Behind Her Eyes

I feel sick, and drink more wine, my head already buzzing slightly. I haven’t eaten much today and now my appetite is totally gone.


The doorbell goes twice before I hear it, I’m so lost in my own thoughts, and I scurry back inside.

‘Hey.’

It’s him. Barely 6 p.m. and he’s at my door for the first time this week. I’d thought he was never coming back, and I’m too surprised to say anything as I let him in. He’s brought wine and immediately opens it and gets another glass out of the cupboard.

‘Make yourself at home,’ I mutter, a whirl of conflicting emotions.

‘I wish I could,’ he says, with a sorrowful – or self-pitying, I can’t decide which – half-laugh. He drains his glass and then refills it. ‘What a fucking day,’ he says, tilting his head back and letting out a sigh. ‘What a fucking life.’

He drinks a lot; I’m realising that now that I’ve cut back so much. Is he a mean drunk? Is that what happens? I look at him. A fight, a fist, a face.

‘I can’t stay long,’ he says, and then reaches for me, pulling me into his chest. ‘But I had to see you. I keep telling myself to stop, promising myself I’ll stop, but I can’t.’

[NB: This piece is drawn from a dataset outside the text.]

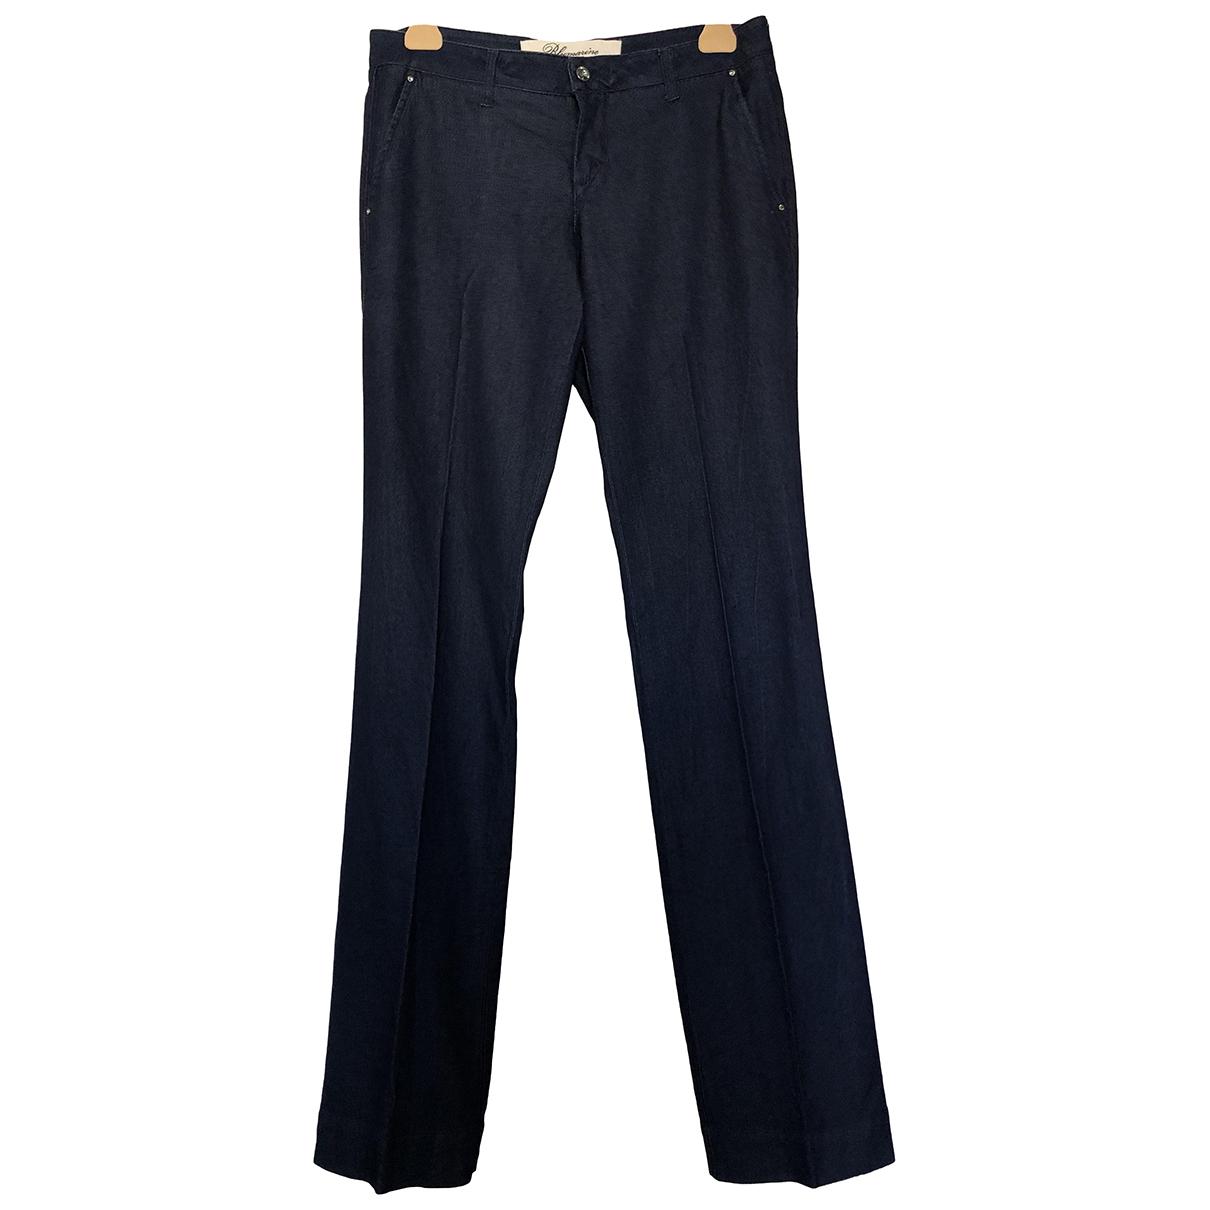 Blumarine N Blue Denim - Jeans Trousers for Women 44 IT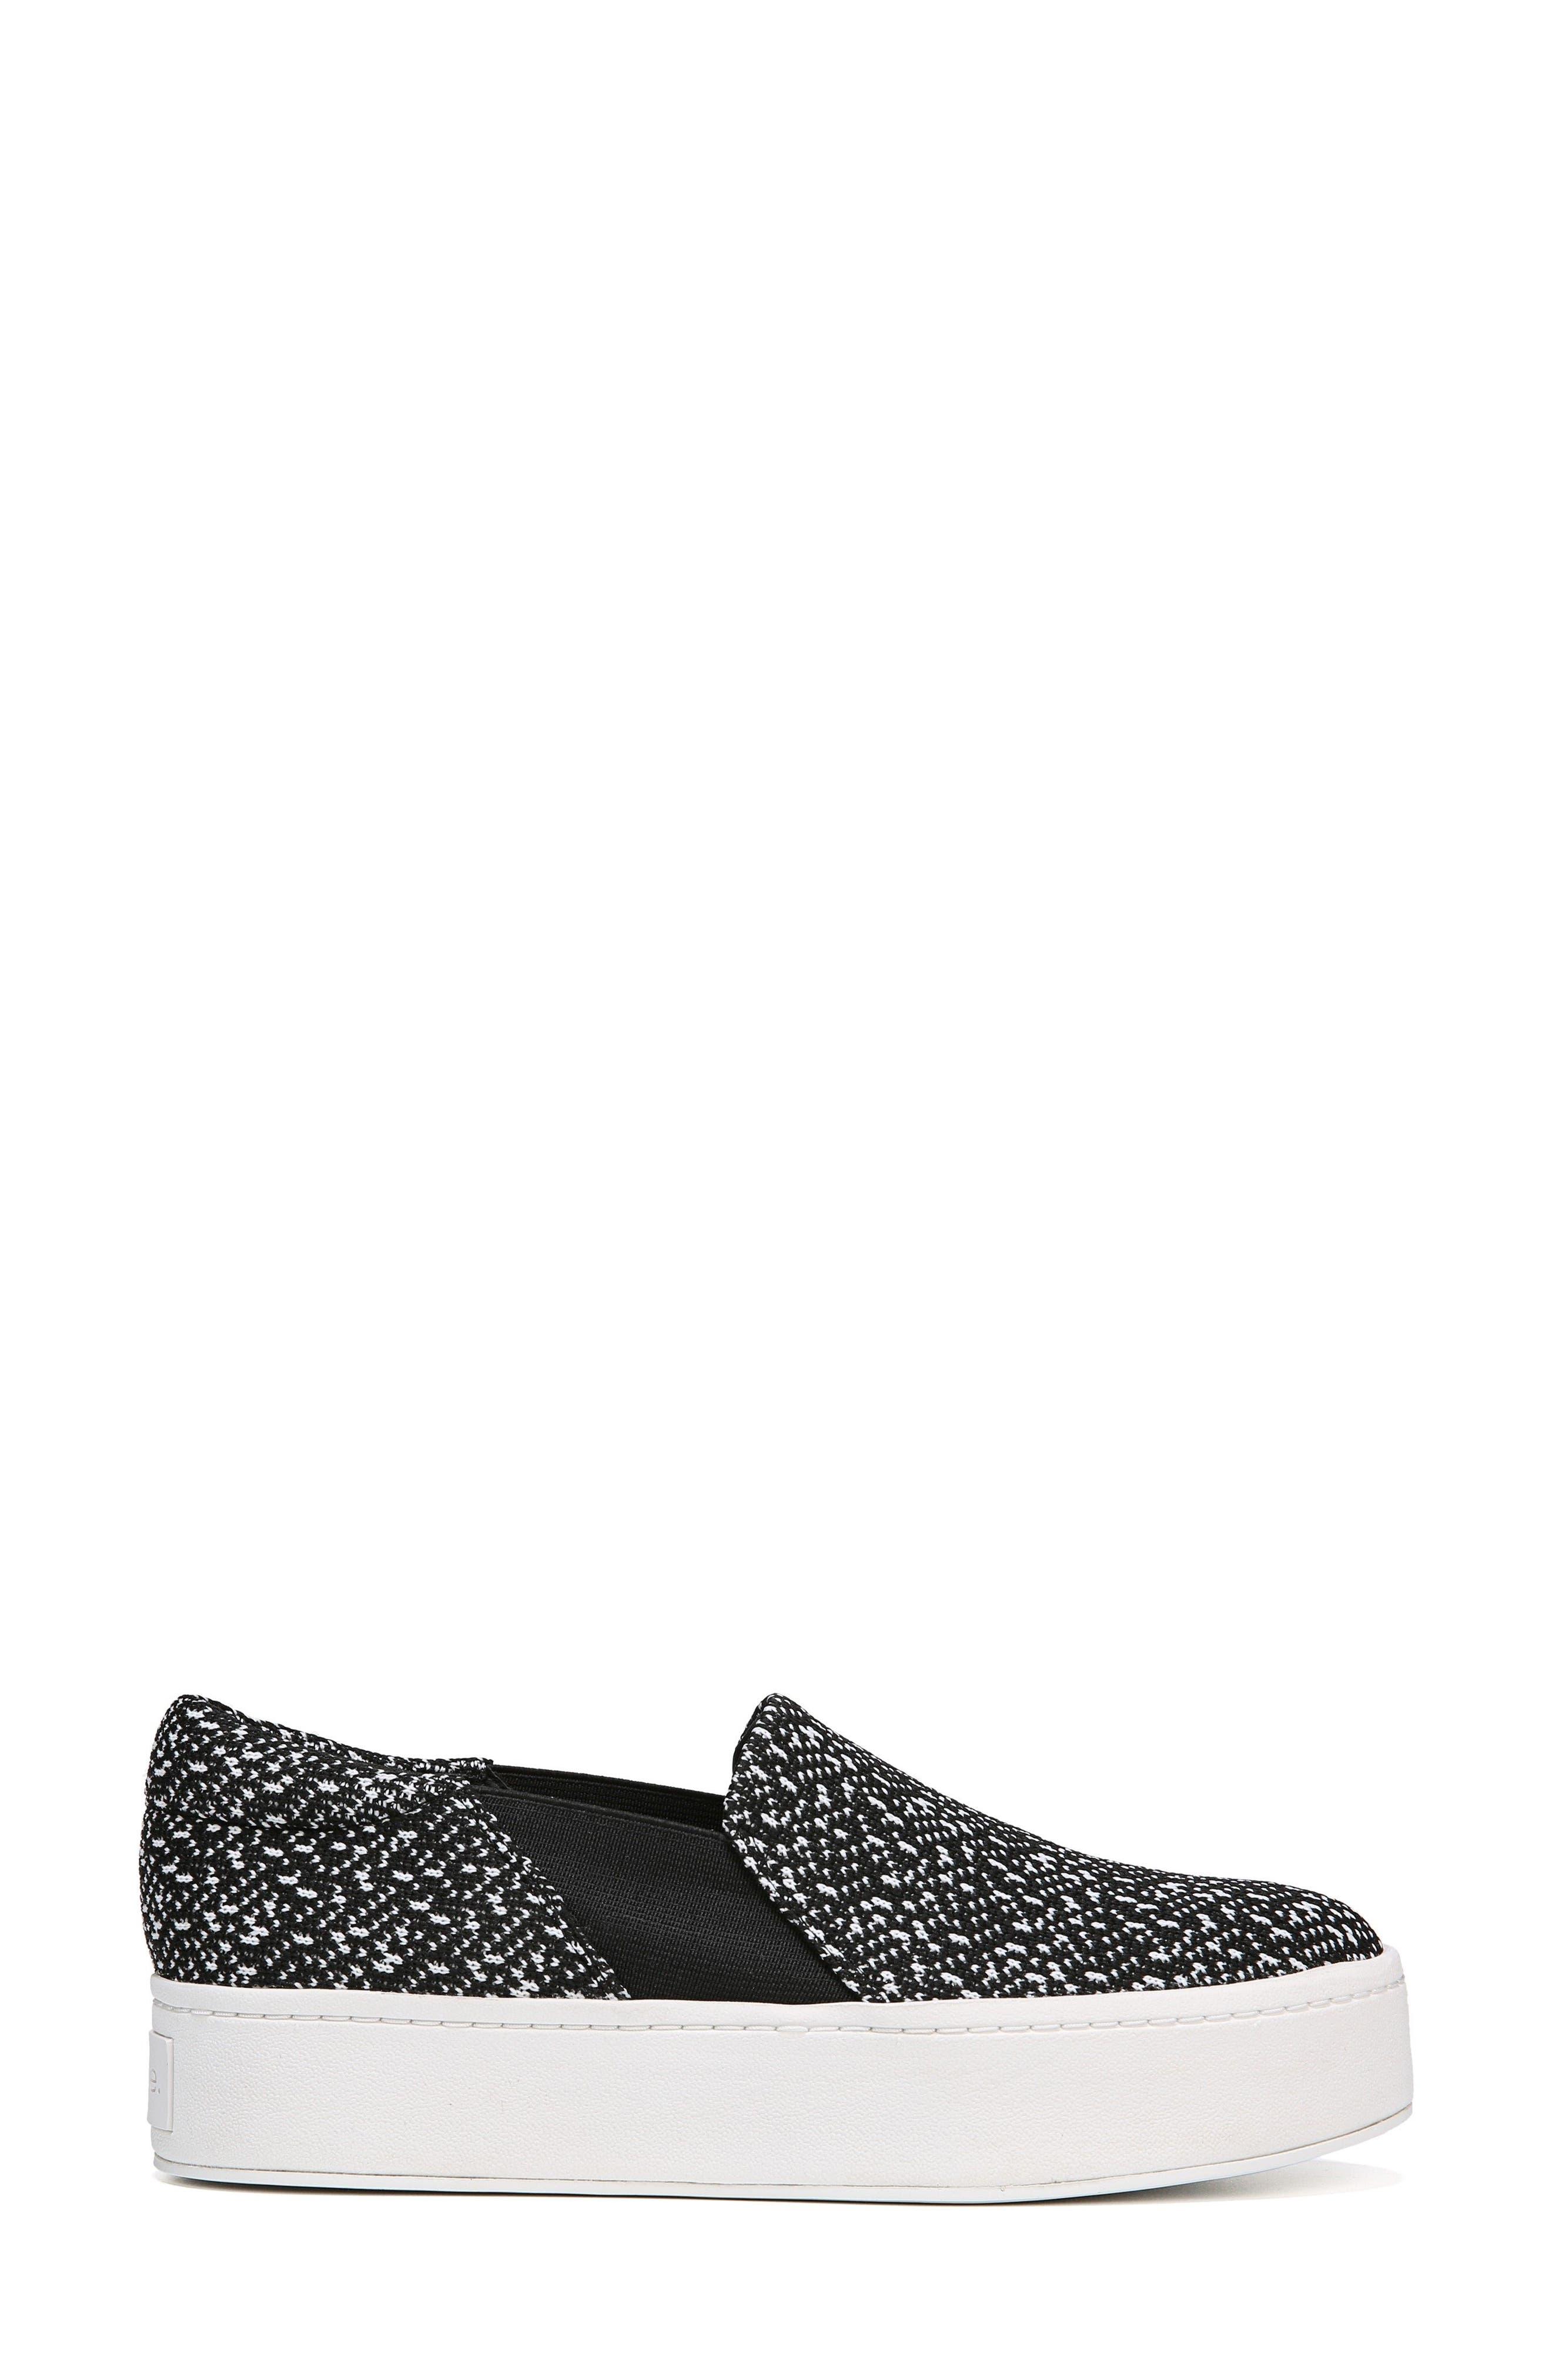 Warren Slip-On Sneaker,                             Alternate thumbnail 3, color,                             BLACK/ WHITE

‘You see me all day.’ I’m stiff in his arms. Is that brandy I can smell? A terrible thought strikes me. Does he drink in the office? He kisses the top of my head, and under the booze and the aftershave I catch the scent of him, and I can’t help but like it. I crave it if I’m honest, when I’m alone at night. But if he thinks we’re going straight to bed now, or to bed at all, then he’s wrong. He’s hardly looked at me in days, and now he just breezes in. I pull back and take my drink. Screw him. I look at his hand on his wine glass. Strong. Big. I see the bruise on Adele’s face. For once, I’m going to be the friend she thinks I am.

‘But not like this,’ he says. ‘Not when we can be us.’

‘Us.’ The word sounds dead as I repeat it. ‘There’s hardly an us, is there?’ I lean against the kitchen counter rather than leading him into the sitting room or bedroom like usual. I haven’t spoken to Adam today, and I won’t miss that, not for a cheating-maybe-wife-beating man. I suddenly feel tired. Adam’s home in about a week, so all this craziness is going to have to stop anyway. Maybe it will be a relief.

He frowns slightly, realising my bad mood. ‘Are you okay?’

I shrug. My heart races. I hate conflict. I’m shit at it. I tend to revert to being a sullen, silent teenager rather than spitting out what’s wrong. I gulp my wine and then take a deep breath. Fuck it. This is the only chance I’m going to get to talk about their marriage. This is something I can legitimately know.

‘Sue told me what happened. With Anthony Hawkins’ parents. What they said?’

‘Thank God that’s cleared up,’ he says. ‘I didn’t need that today.’ He looks at me then, sees my questioning suspicion, and his face falls.

‘Wow, Louise.’

‘What?’ I sound defensive, and I feel it too. Now that he’s here in front of me I feel stupid for half believing he could do that. Even Adele didn’t say that he’d hit her. But there’s so much going on that doesn’t make sense, and I can’t figure any of it out.

‘You seriously don’t think I hit my wife?’

‘I don’t know what I think,’ I say. ‘You never talk about your marriage. Your wife. You’re doing this,’ I gesture around my pathetic little flat as if he’s fucking it and not me. ‘When it suits you at least. We talk, but you never talk about your marriage. You close down every time I try to ask you anything, and you always seem so fucking unhappy that I can’t understand why you’re still there. With her. Just get a fucking divorce!’

It’s pouring out of me, all my pent-up confusion and hurt, bubbling in hot rage from my lips. I’ve seen Adele’s bruise. I know how fragile she is. I know about the phone calls. I can say none of these things, however much I want him to explain them to me, so all I can do is bring it back to the mess that is us. The mess he only knows half of.

He’s staring at me as if I’ve stabbed him, but I keep going. ‘I mean, this isn’t exactly fair on her either, is it? What you’re doing?’

‘You really have to ask me if I hit her?’ He cuts through all my bullshit. ‘Do you know me at all?’

I almost laugh at that. ‘Know you? How could I possibly know you? You know me – I’m an open book. You know just about everything about me. We talk about me. But you? I don’t know what I’m supposed to make of you.’

‘Of course I didn’t bloody hit her.’ He slumps, the life gone out of him. ‘She says she opened a kitchen cupboard onto her face. I don’t even know if that is true, but I know I didn’t hit her.’

I tingle with a flood of relief. At least they’re both giving me the same explanation.